Eddie Allen

Current position
- Title: Special teams coordinator
- Team: Rutgers
- Conference: Big Ten

Biographical details
- Born: October 24, 1980 (age 45) Somerville, New Jersey, U.S.
- Education: New Haven University (2003)

Playing career
- 1998–2002: New Haven
- Position: Quarterback

Coaching career (HC unless noted)
- 2003: Hofstra (GA)
- 2004: Fort Scott (WR)
- 2005–2007: Rutgers (GA)
- 2008–2013: Rhode Island (ST/RB)
- 2014–2017: Delaware (ST/TE)
- 2018–2021: Connecticut (ST)
- 2022–present: Rutgers (STC)

= Eddie Allen (American football coach) =

American football coach and player (born 1980)
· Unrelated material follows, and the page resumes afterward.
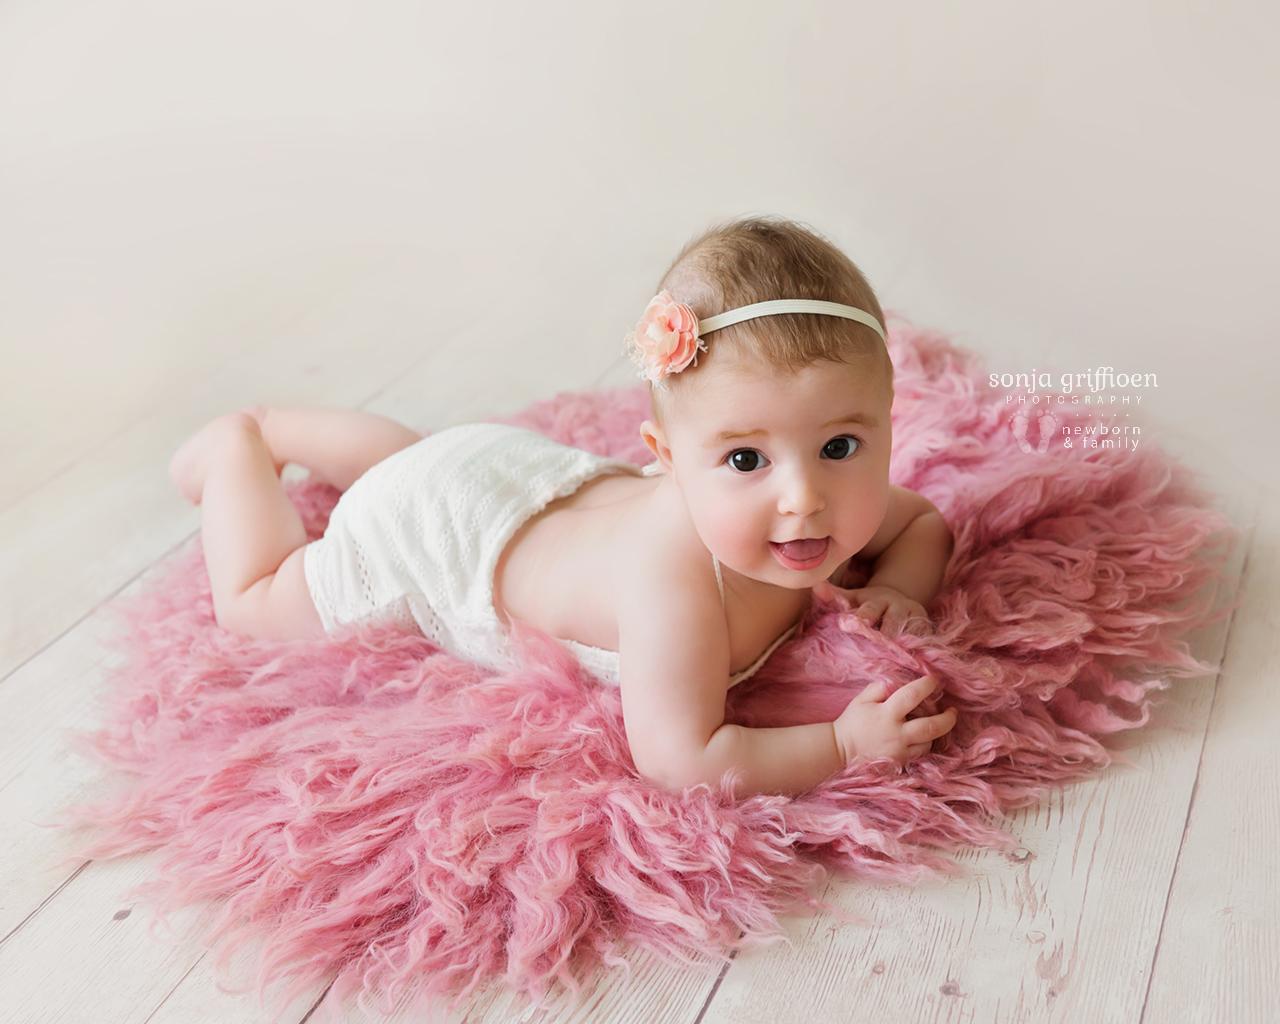 Everlyn-Milestone-Brisbane-Baby-Photography-Sonja-Griffioen-17.jpg

Edward Allen (born October 24, 1980) is an American college football coach and former player. He currently is a special teams assistant for Rutgers. He previously was recently the Special Teams Coordinator at the University of Connecticut. He has coordinated special teams for the majority of his coaching career. Before UConn, Allen had coaching stops at Hofstra, Fort Scott Community College, Rutgers, Rhode Island, and Delaware.

==Playing career==
Allen played quarterback for the New Haven Chargers, an NCAA Division II school in West Haven, Connecticut. He was a four-year letterwinner for head coach and offensive coordinator, and former Miami Dolphins and Oakland Raiders head coach, Tony Sparano.

==Coaching career==
Allen got his coaching start in 2003 as a graduate assistant and video coordinator at Hofstra.

In 2004, Allen coached the wide receivers at Fort Scott Community College.

The next three years, 2005–2007, Allen was on Greg Schiano’s staff at Rutgers. In 05 and 06, Allen worked as a player development assistant, before moving into a graduate assistant role in 2007.

From 2008 to 2013, Allen was in charge of the special teams for Rhode Island.

From 2014 to 2017, Allen was the Special Teams Coordinator and tight ends coach. While there, he helped develop All-American tight end and Baltimore Ravens draft selection, Nick Boyle.

In February 2018, UConn Head Coach Randy Edsall announced Eddie Allen as his new special teams coordinator. He was paid $165,000 annually.

==Personal life==
Allen and his wife, Kristin, have four children, daughters, Makayla and Brooklyn, and sons Austin and Jackson.